| Variable | Description |
|---|---|
|'beds'| Number of bedrooms in home |
|'baths'| Number of bathrooms in home including fractional bathrooms|
|'sqft'| Calculated total finished living area of the home |
|'fips'| Federal Information Processing Standard code -  see https://en.wikipedia.org/wiki/FIPS_county_code for more details|
|'year'| The Year the principal residence was built |
|'taxes'|The total property tax assessed for that assessment year|
|'property_value'|The total tax assessed value of the parcel|

# Regression Project

### codeup/innis - 2020 mar 30

---
 
## Table of Contents

--- 
## I. Objective : 

"We want to be able to predict the property values ('taxvaluedollarcnt') of Single Family Properties that had a transaction during 2017."  
> https://ds.codeup.com/regression/project/

- a.k.a: eliminate the zestimate
- a.k.a: zestimate don't rate
- a.k.a: "zestimate", more like, 'let me rest, mate' (because their models performance is snoozing on the job compared to ours ='P ) 
---

## II. Dataset : Zillow  

- ### Description: 

	properties_2017.csv - all the properties with their home features for 2017 (released on 10/2/2017)

- ### Profile :

	"Zillow’s Zestimate home valuation has shaken up the U.S. real estate industry since first released 11 years ago.

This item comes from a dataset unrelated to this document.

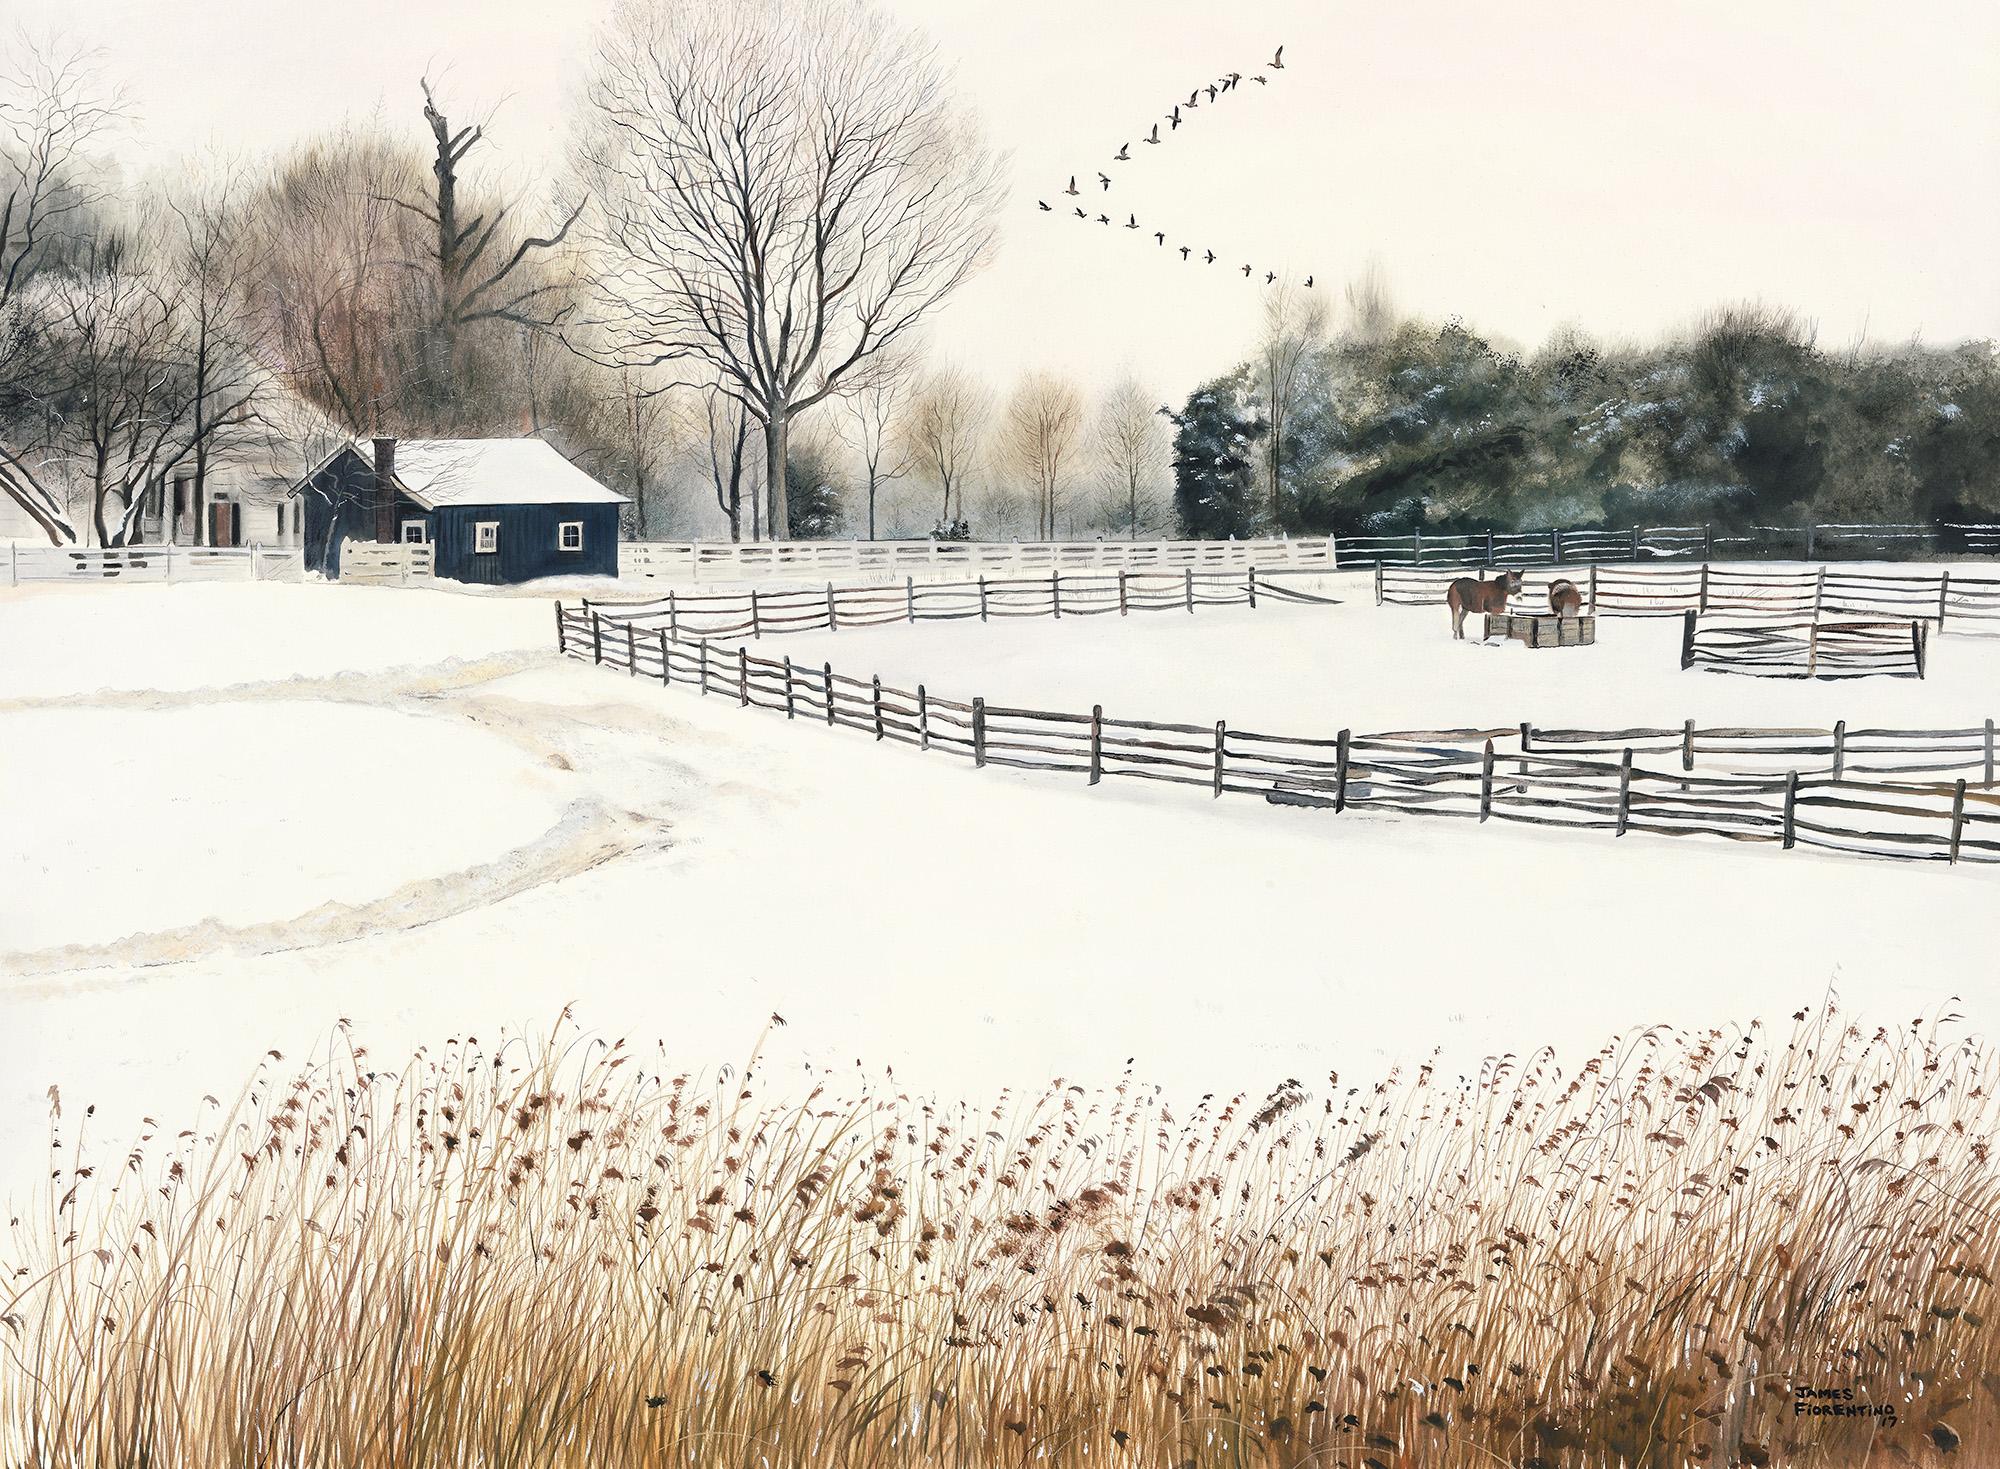 Fiorentino, James, Long Winter, watercolor, 22 x 30, 6000.jpeg

	A home is often the largest and most expensive purchase a person makes in his or her lifetime. Ensuring homeowners have a trusted way to monitor this asset is incredibly important. The Zestimate was created to give consumers as much information as possible about homes and the housing market, marking the first time consumers had access to this type of home value information at no cost.

	“Zestimates” are estimated home values based on 7.5 million statistical and machine learning models that analyze hundreds of data points on each property. And, by continually improving the median margin of error (from 14% at the onset to 5% today), Zillow has since become established as one of the largest, most trusted marketplaces for real estate information in the U.S. and a leading example of impactful machine learning."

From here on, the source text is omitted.